Assignment:
Start at the line that contains "General 1920x1080 Palestra" in the listing below and extract every line through the last, exactly; leave pictures out.

Collected data:
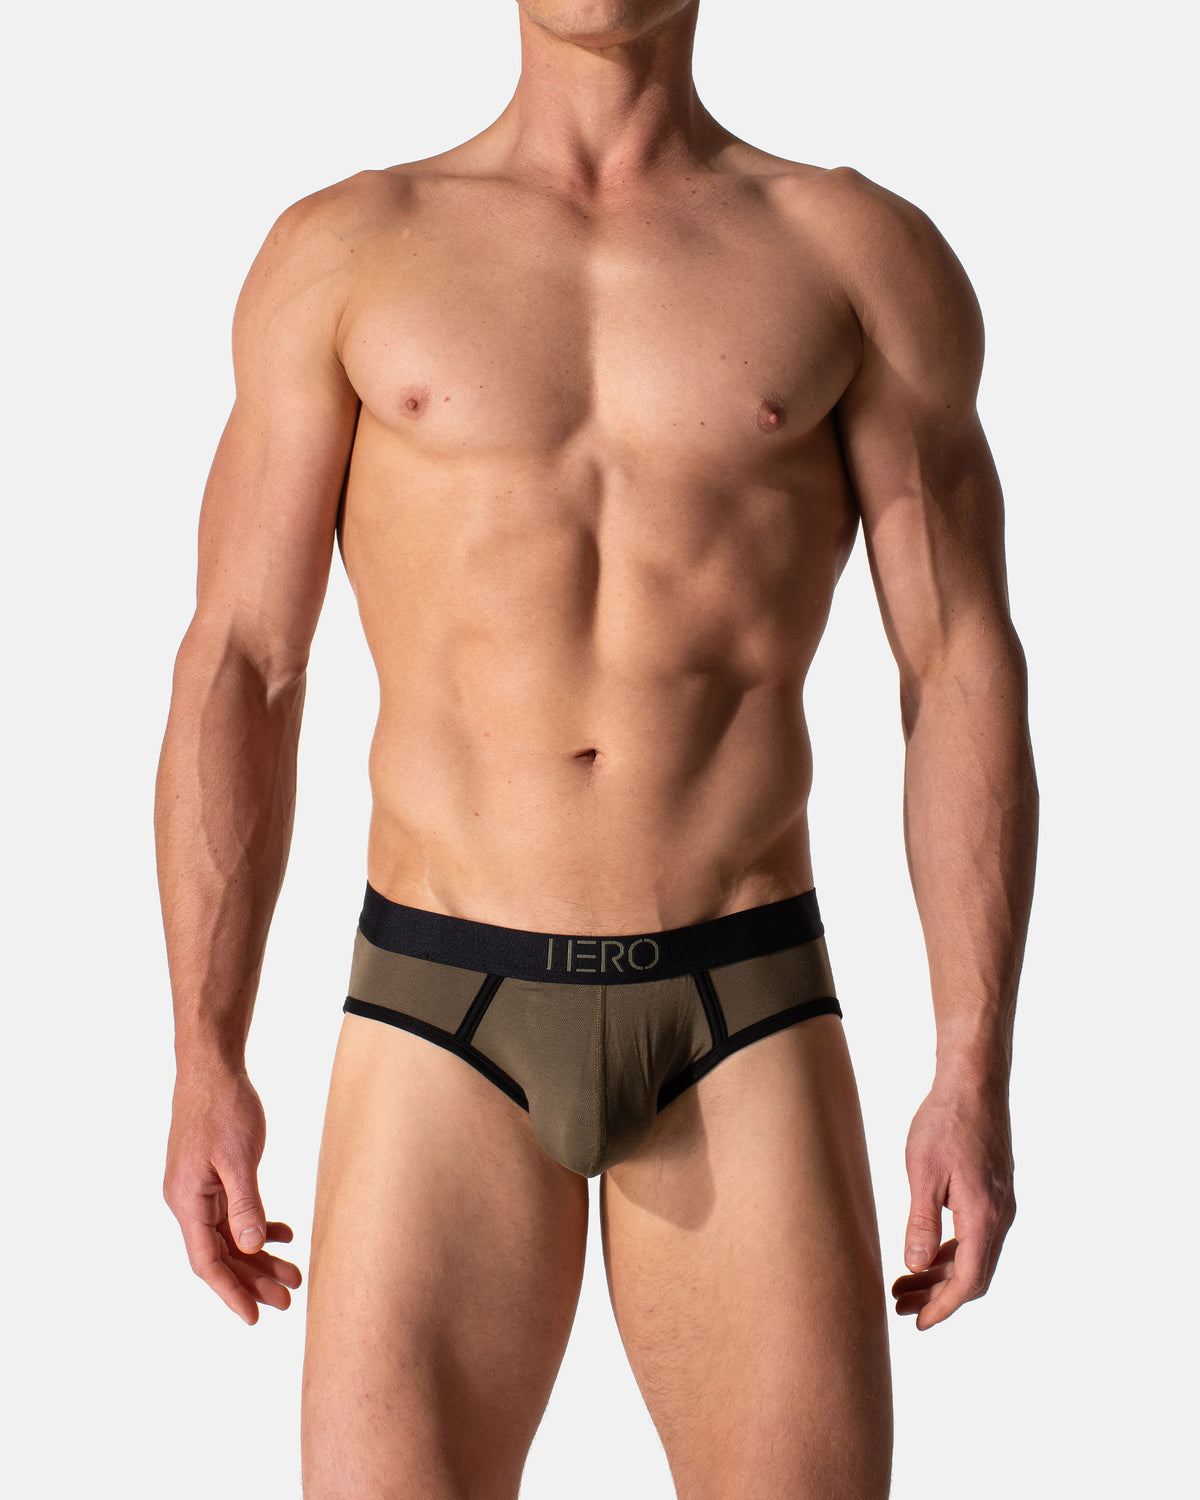 Khaki Men's Butt lifting underwear
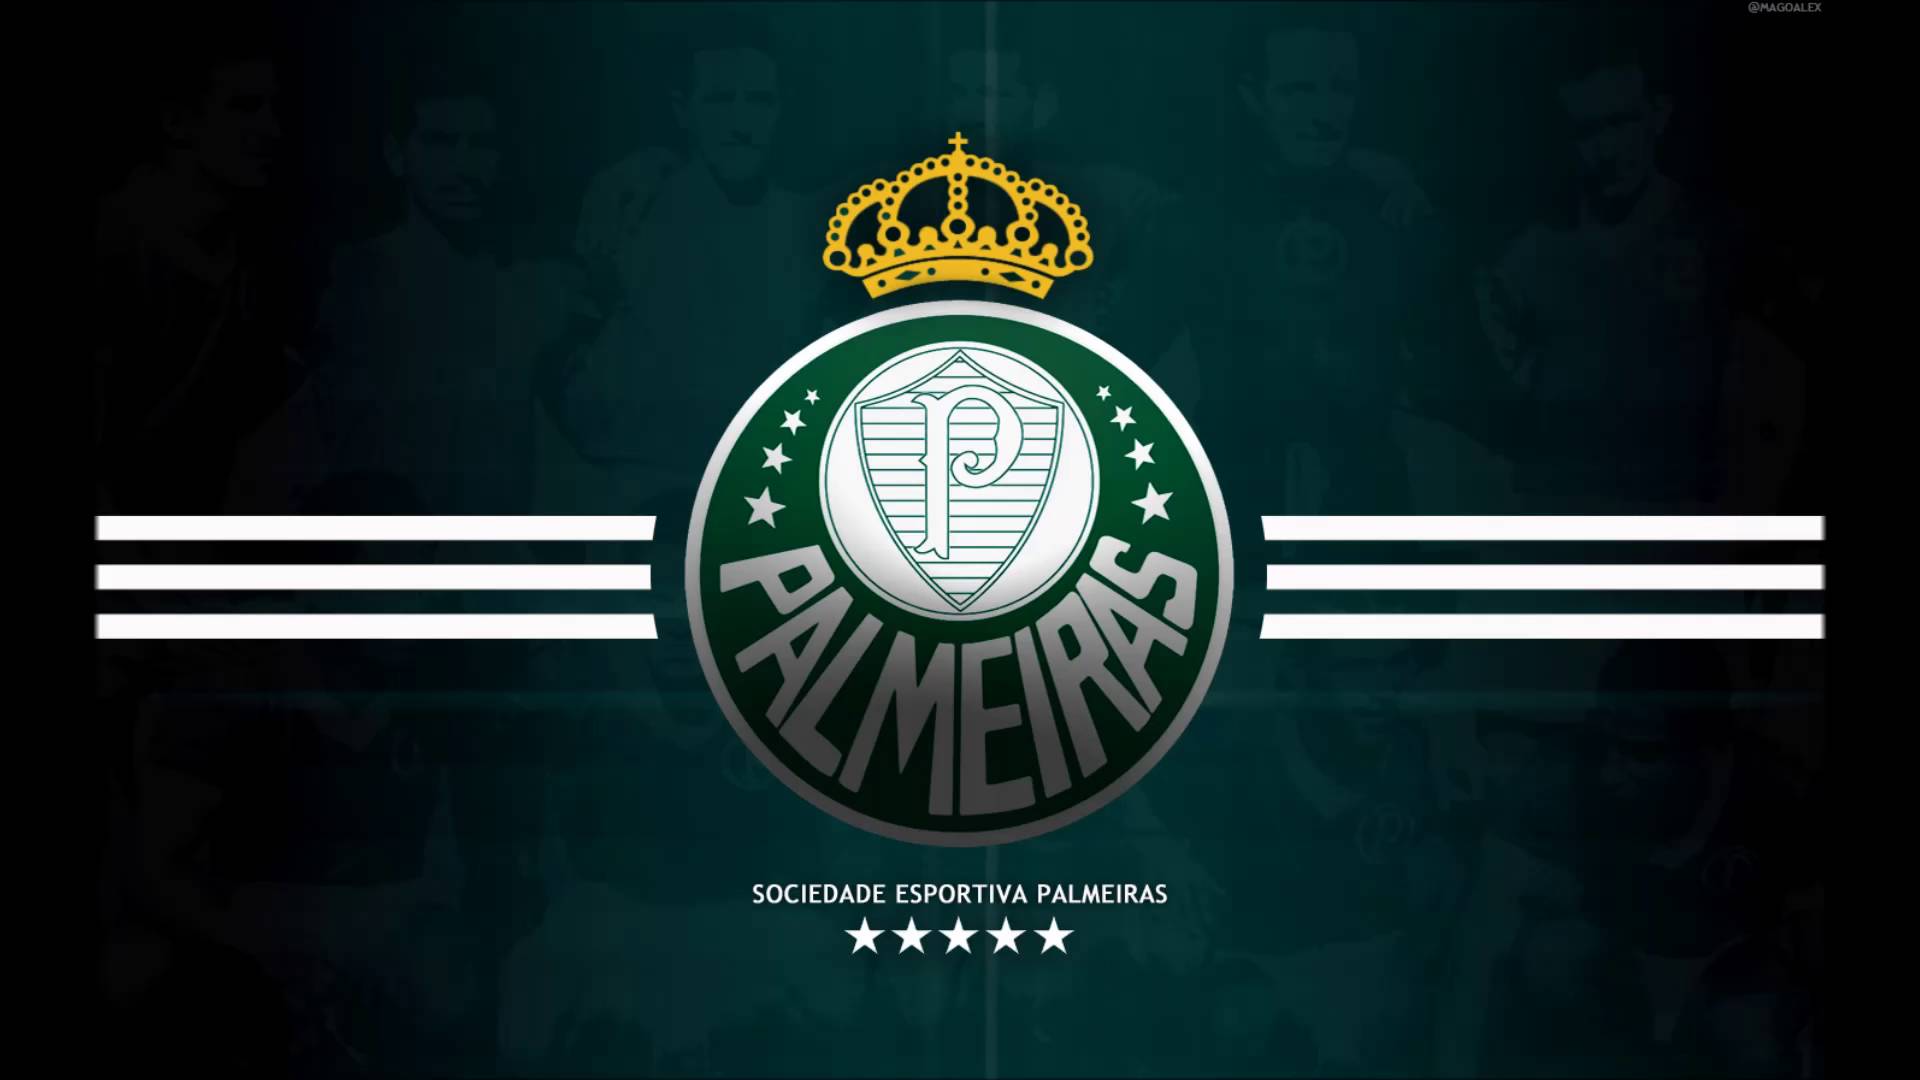 General 1920x1080 Palestra Itália Palmeiras simple background crown sport
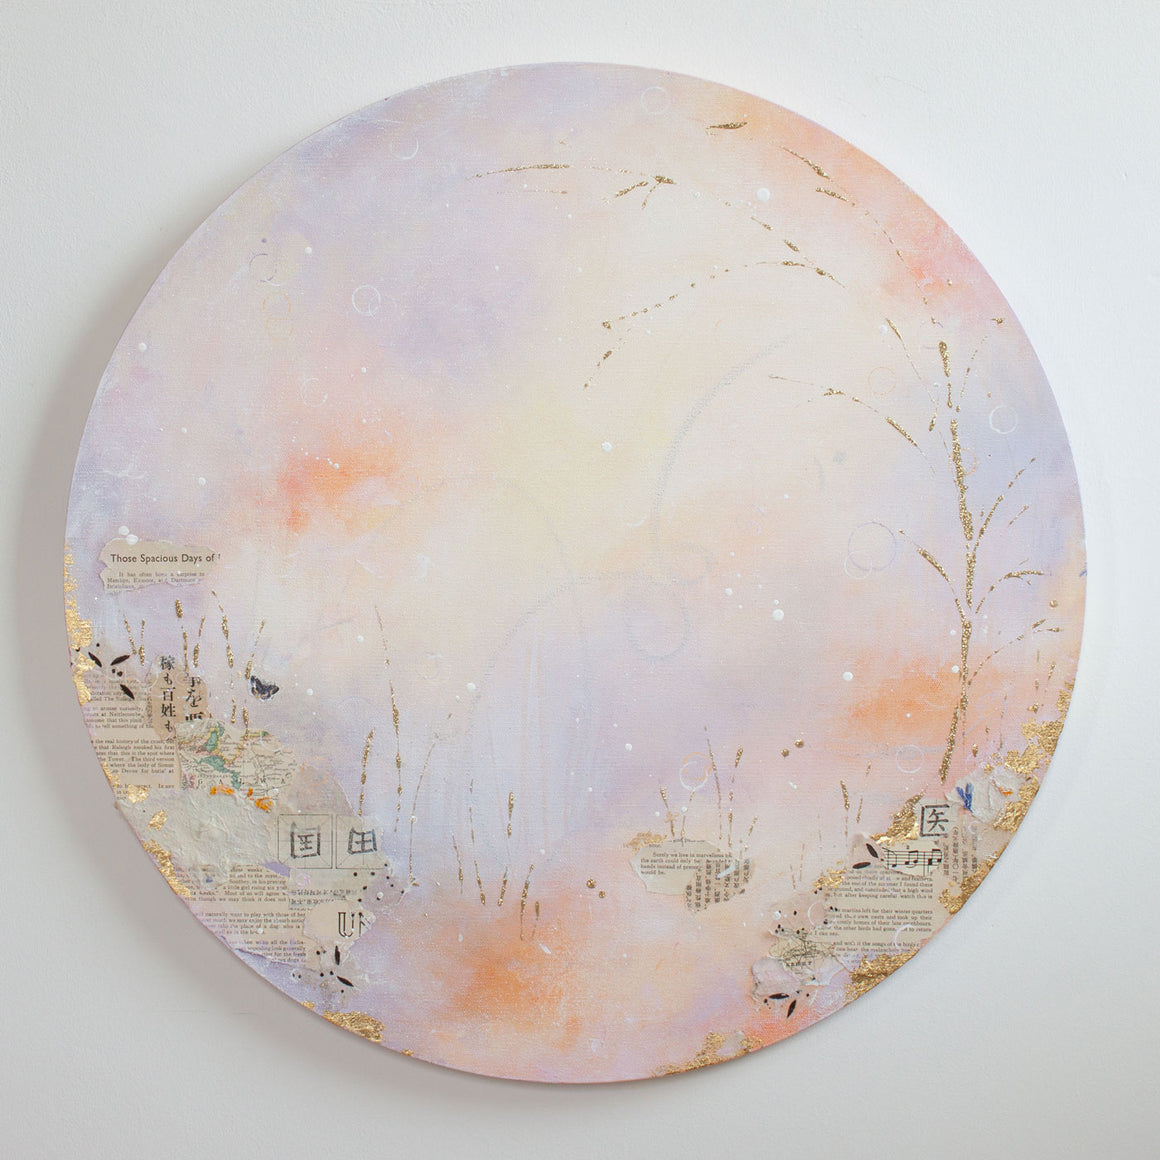 Softly Underfoot |  Ephemera Moon Painting on 24 inch canvas
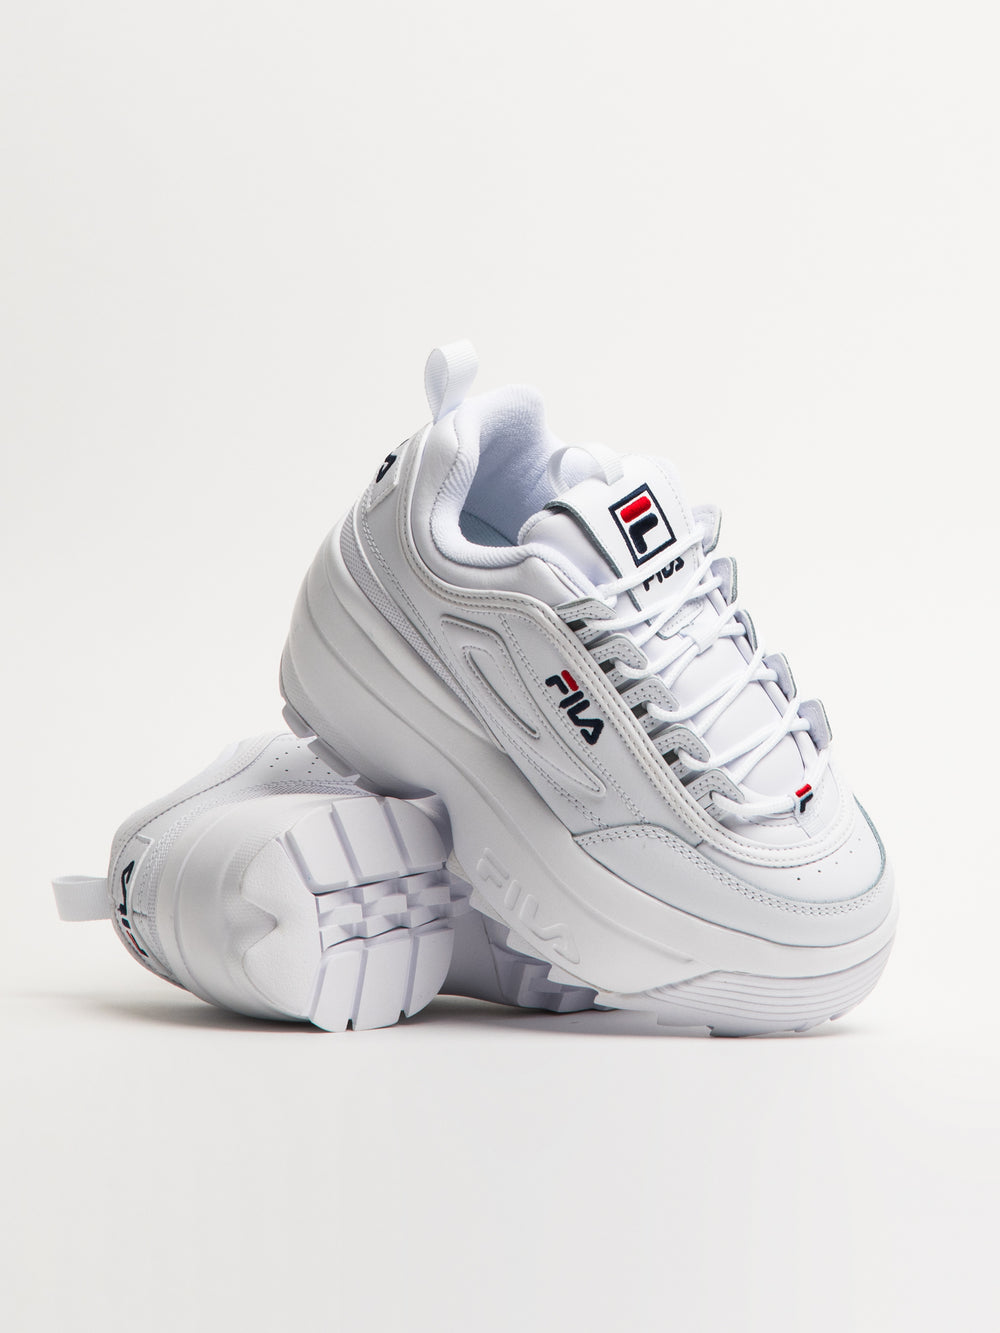 Fila Disruptor 2 Premium Shoes Women's Size 7 White Chunky Sneaker

Answer:
 General 1920x1080 Palestra Itália Palmeiras simple background crown sport
 Softly Underfoot |  Ephemera Moon Painting on 24 inch canvas
 Fila Disruptor 2 Premium Shoes Women's Size 7 White Chunky Sneaker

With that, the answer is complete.